■ ASSIGNMENT
Line by line, retype the material exactly and leave each picture out.

++++++

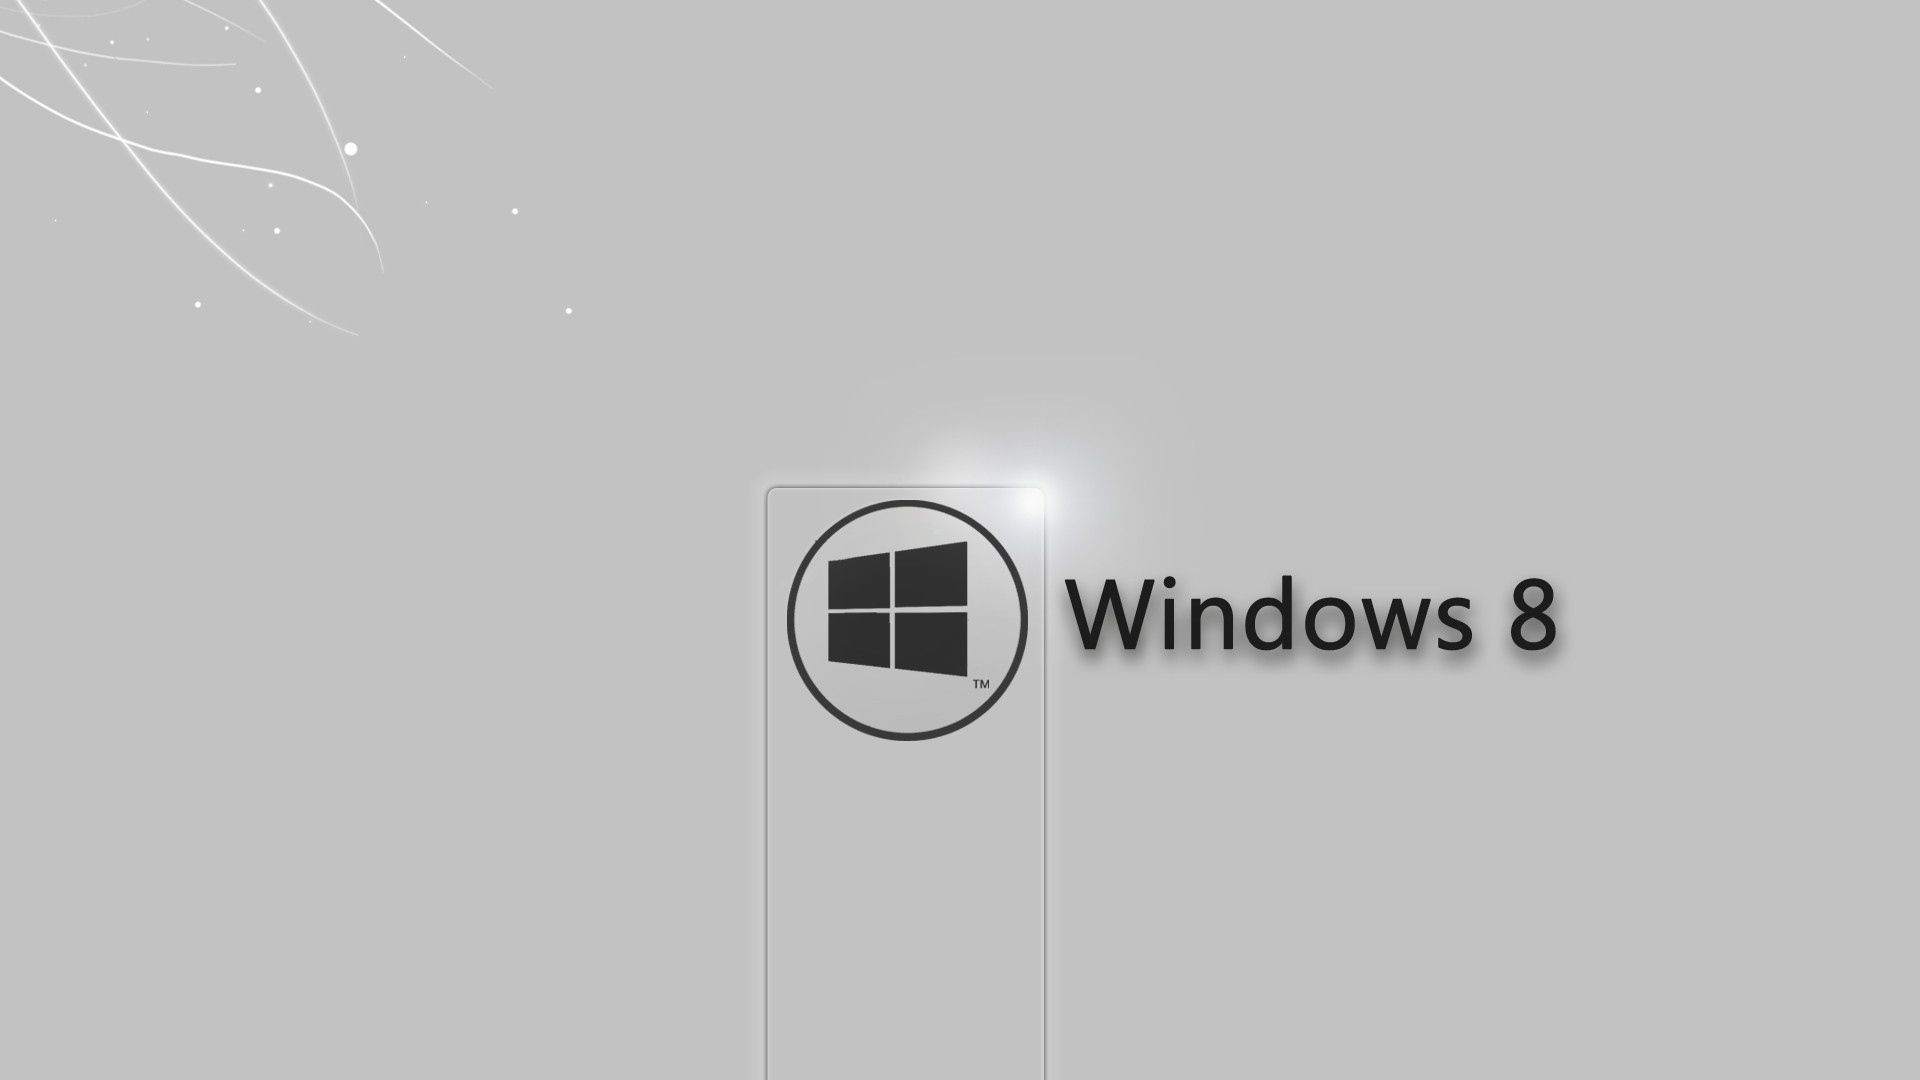 Full HD Wallpaper windows 8 logo background, Desktop Backgrounds ...
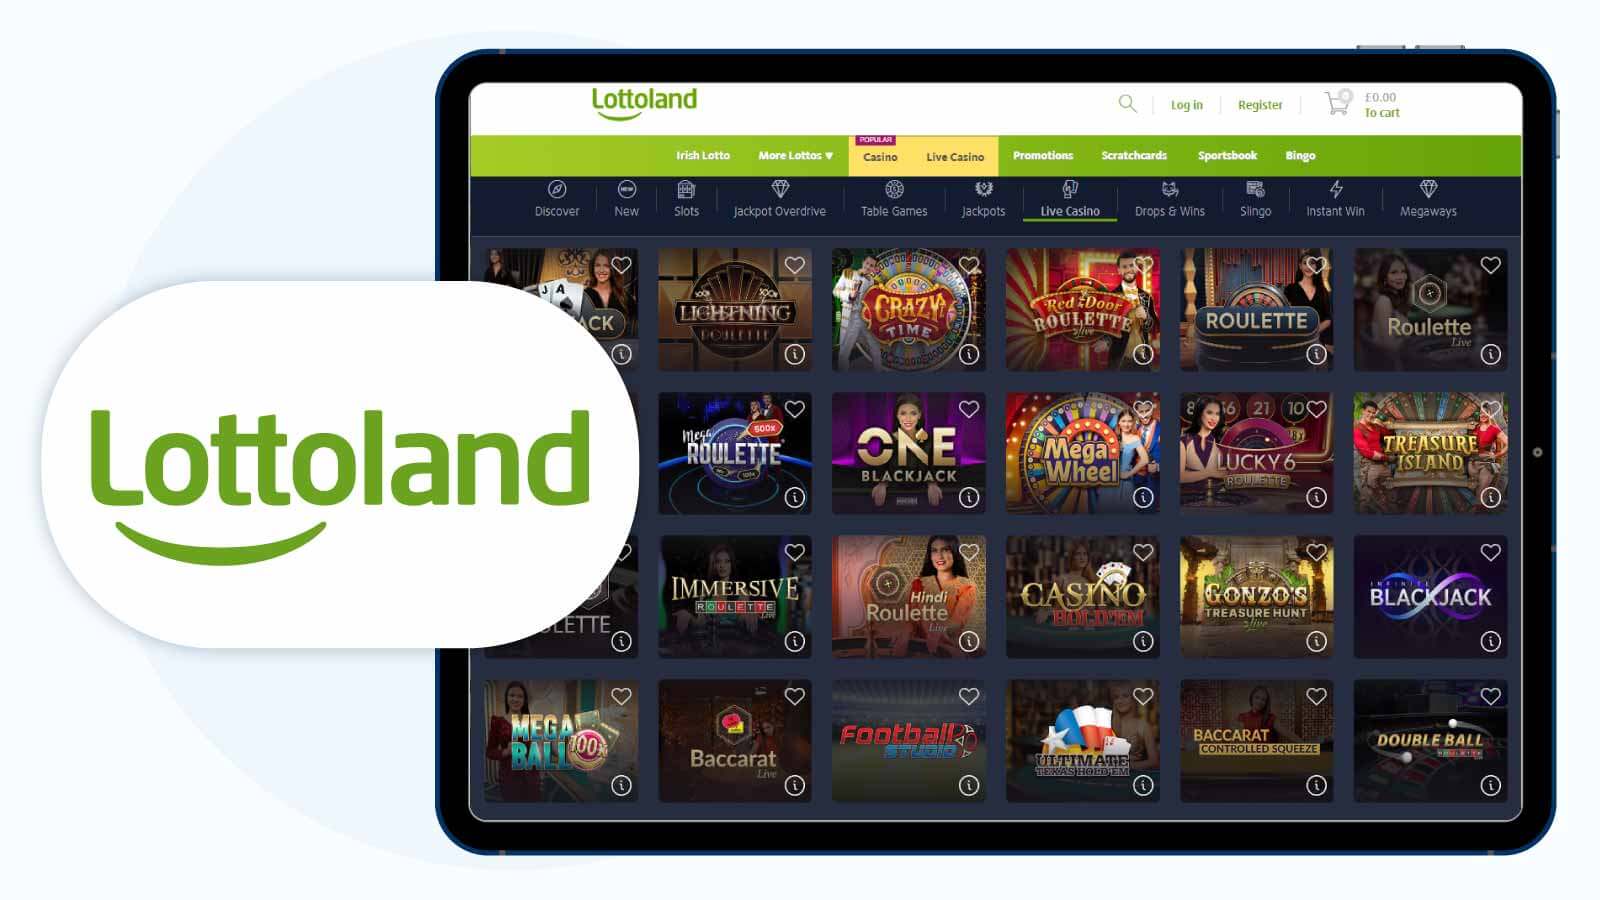 5_-Lottoland-Casino--Best-Online-Casino-UK-for-Live-Dealers
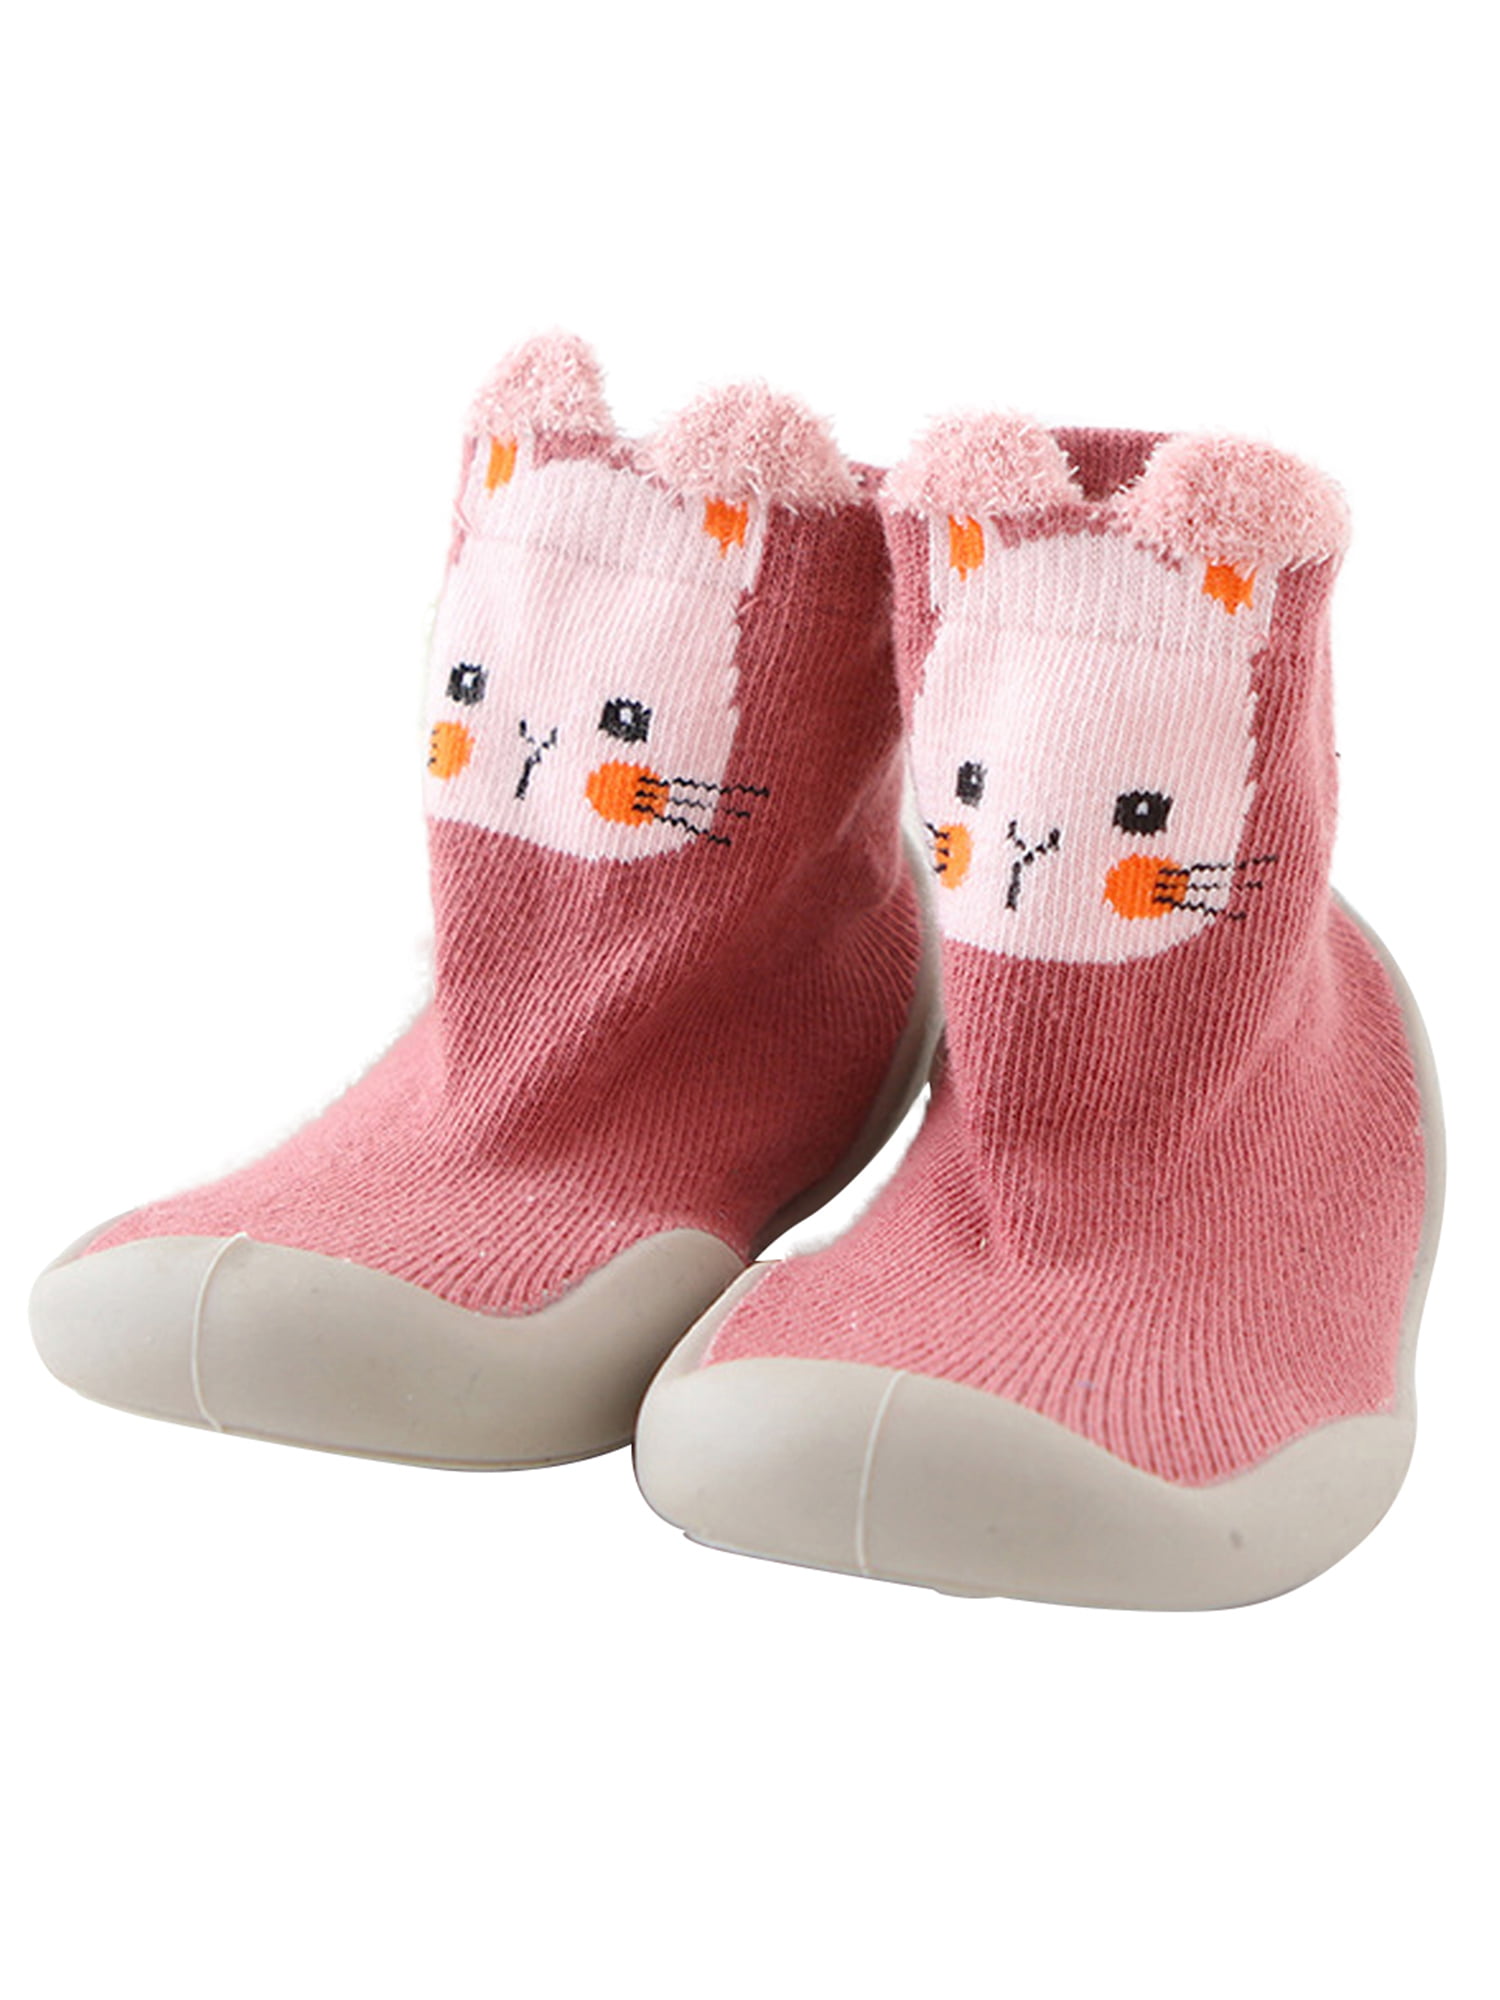 Baby Girl Boy Anti-slip Socks Cartoon Newborn Slipper Shoes Boots 0-18 Months 
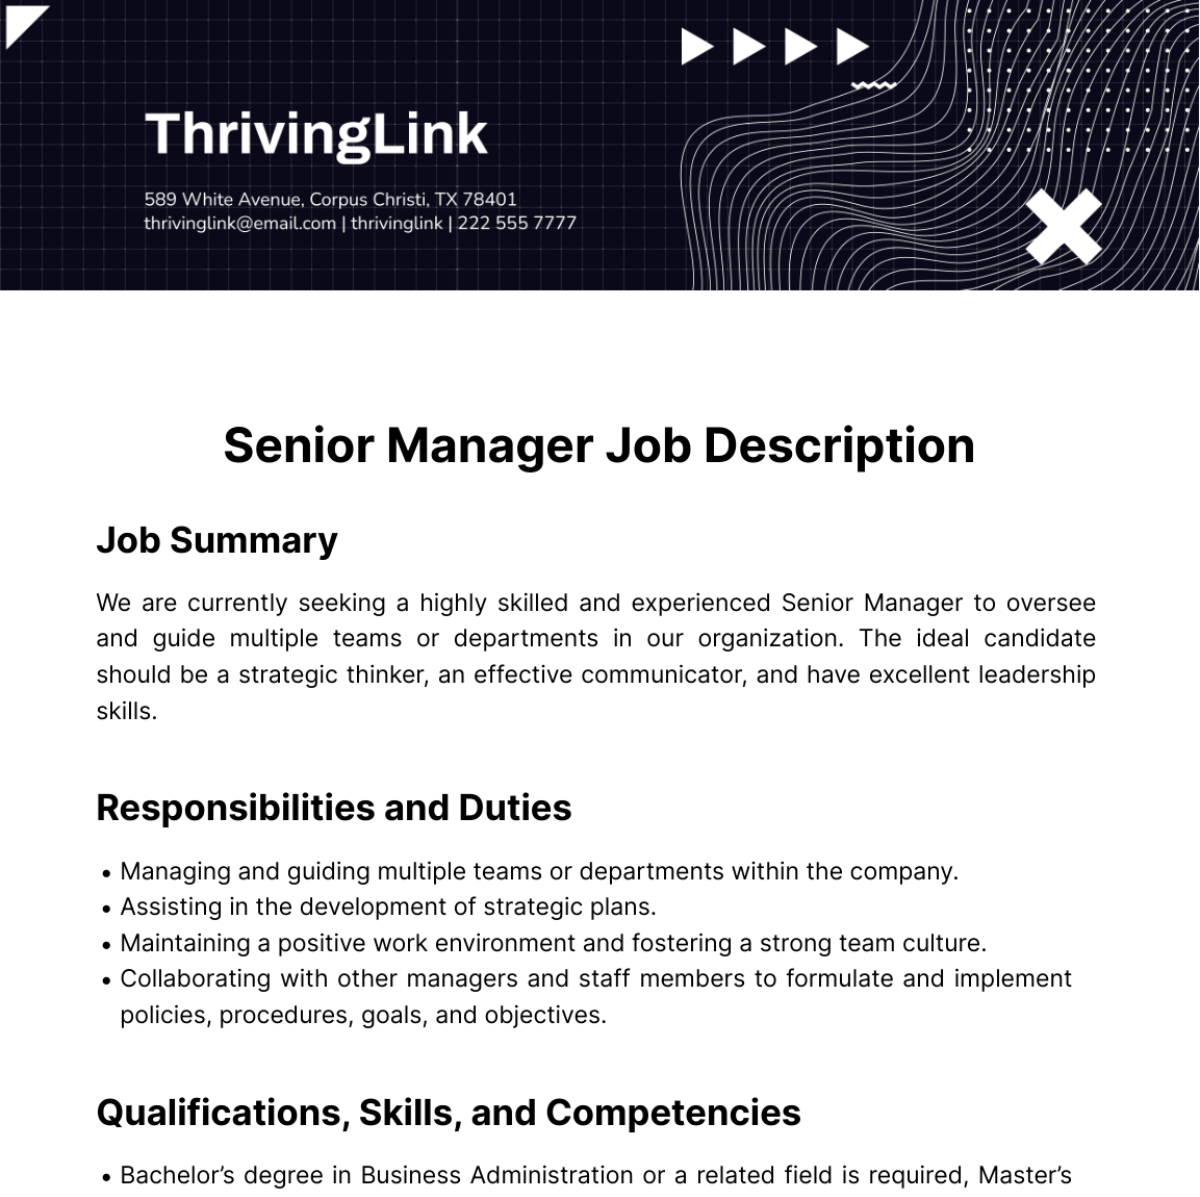 Senior Manager Job Description Template
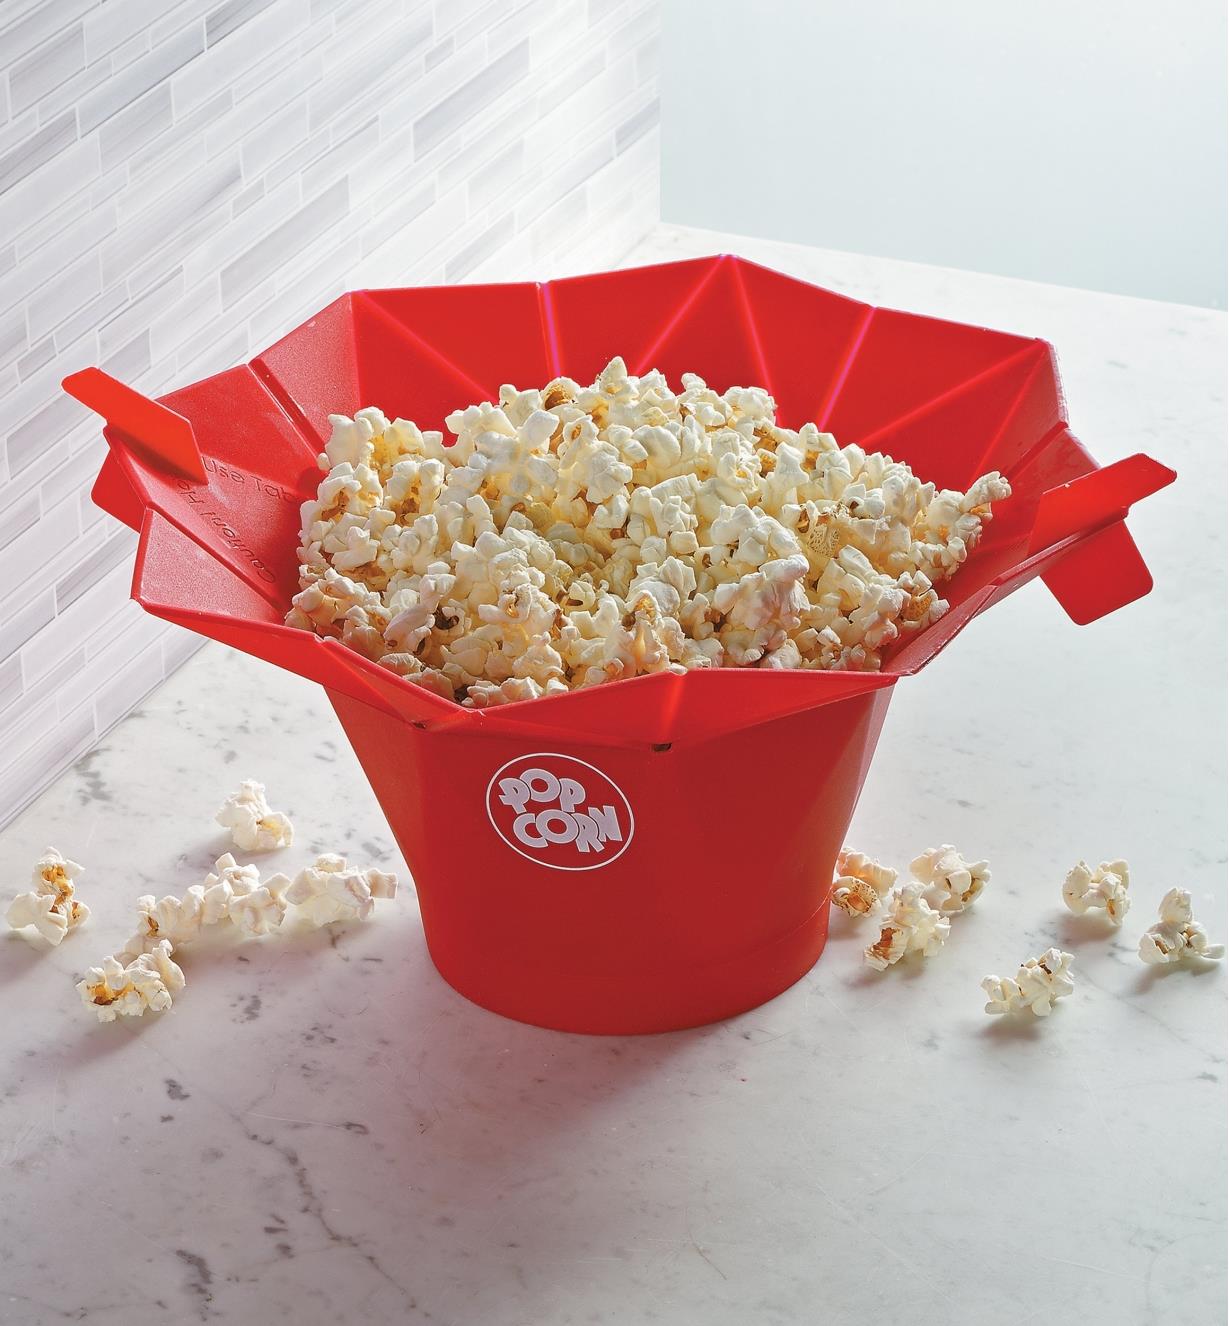 Poptop Popcorn Popper filled with popped popcorn

++++++

■ REPLY
 Full HD Wallpaper windows 8 logo background, Desktop Backgrounds ...
 5_-Lottoland-Casino--Best-Online-Casino-UK-for-Live-Dealers
 Baby Girl Boy Anti-slip Socks Cartoon Newborn Slipper Shoes Boots 0-18 Months 
 Senior Manager Job Description Template
 Poptop Popcorn Popper filled with popped popcorn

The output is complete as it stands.